Le virus de la grippe n’est pas un virus stable, il change légèrement annuellement, c’est pourquoi l’injection doit être renouveler chaque année, ce n’est pas là un rappel, mais une revaccination.
En mars 2009, une mutation importante du virus A / H1N1, affronté à une faible immunité générale de la population et épidémie massive.
Au niveau mondial, la mortalité est relativement faible (environ 6000 décès enregistrés à la mi-novembre avec un taux de complication sévères de l’ordre de 2 à 3% analogue à ce qui est observé avec les grippes saisonnières.
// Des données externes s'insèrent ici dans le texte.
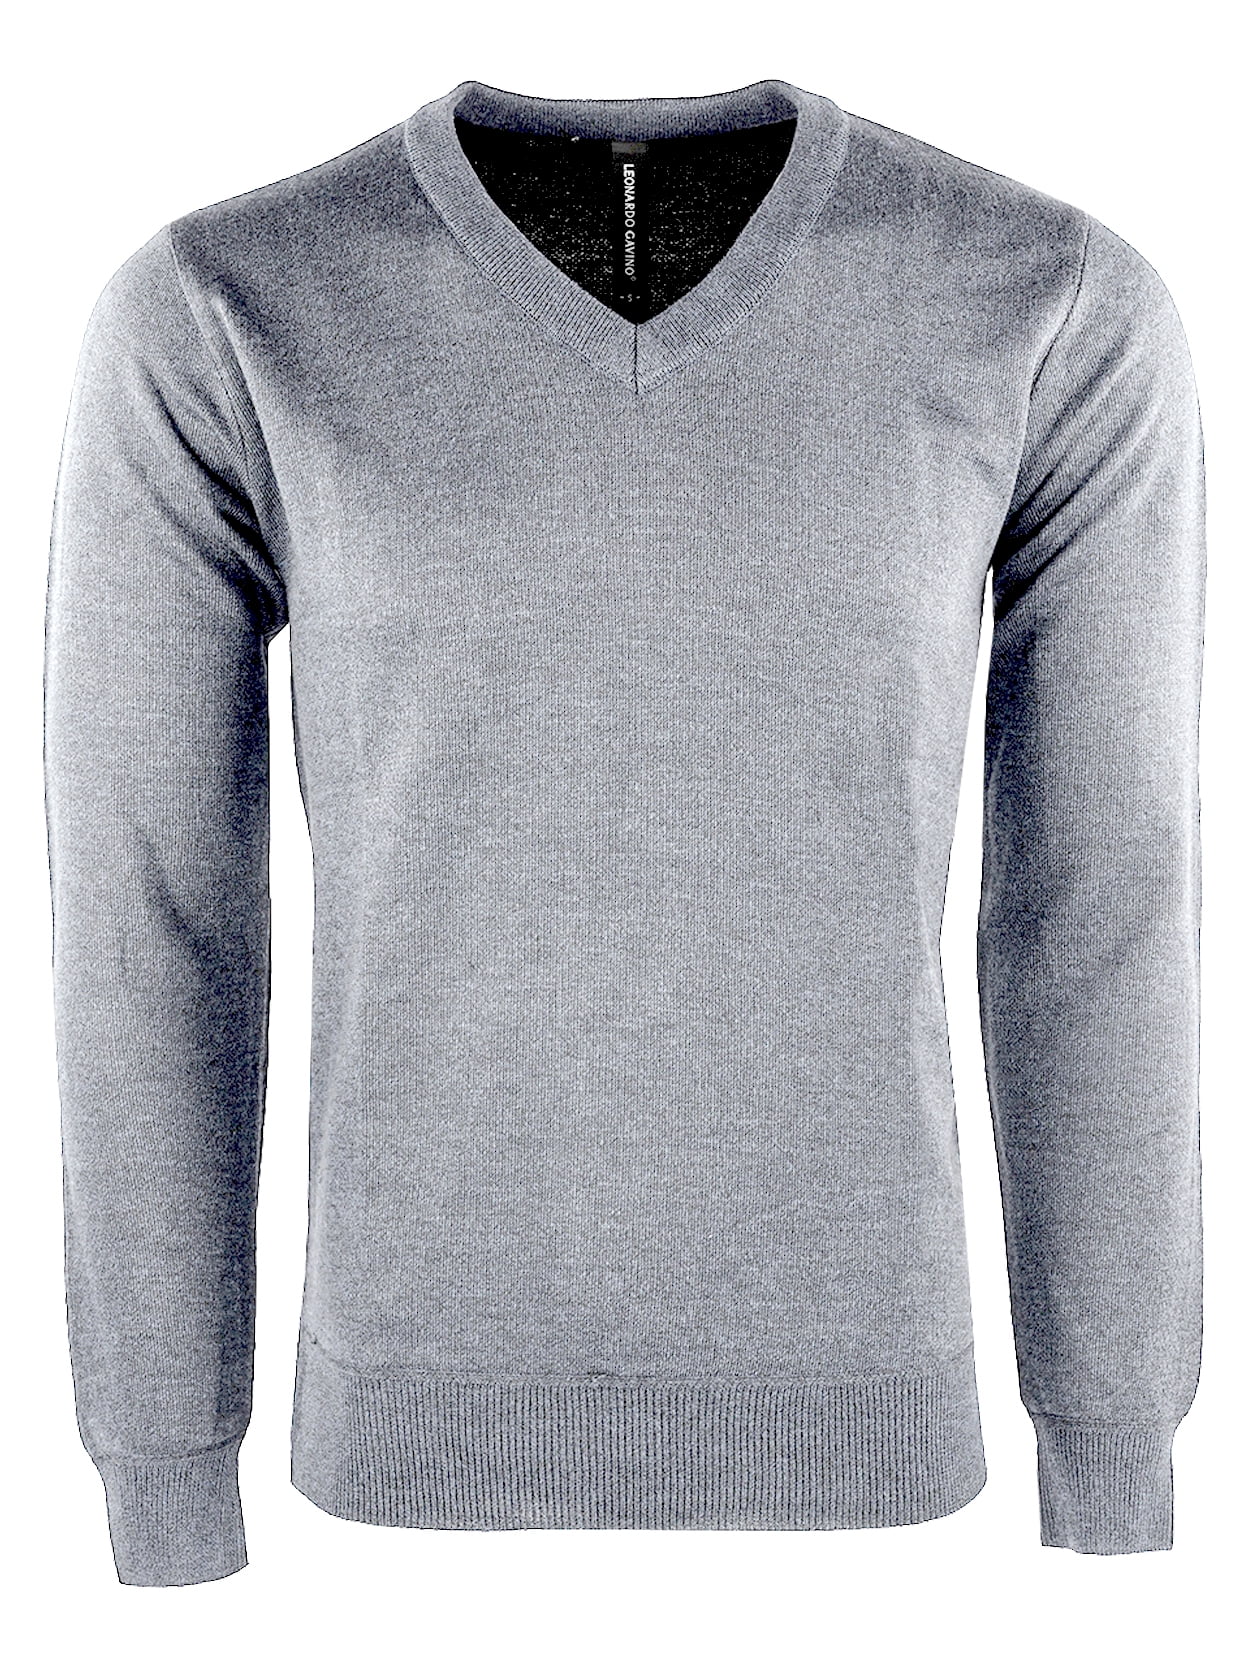 Leonardo Gavino Men's V-Neck Golf Sweater, Small Gray - - Walmart.com

Dans la plupart des cas, les malades ont manifestés des symptômes bénins et leur rétablition a été rapide et complète.
D’après les recommandations de l’OMS, la priorités dans cette compagne de vaccination sera accordée aux :
- Personnes de moins de 65 ans atteintes d’une maladie chronique.
- Les femmes enceintes.
- Les enfants de six ans à moins de cinq ans.
- Les personnes vivant en communautés en région éloignée ou isolée.
- Le personnel de santé contribuant aux mesures d’intervention pandémique.
- Les populations estimées être à risque élevé.
D’après plusieurs experts, docteurs et médecins spécialistes, la réponse est Non, le vaccin répond parfaitement aux critères que l’on applique dans la fabrication de tout nouveau produit biologique, n’empêche que ce produit peut avoir des effets secondaires indésirables, tout d’abord locales, mais qui peuvent évolués (cas très restreints) à des complications plus importantes d’ordre immunologique.
Les effets secondaires normaux se traduisent par des courbatures, de la fièvre, ou un état de fatigue générale qui persiste quarante huit heures. Il se peut également qu’une douleur persiste au point de piqûre et qu’une légère inflammation apparaisse.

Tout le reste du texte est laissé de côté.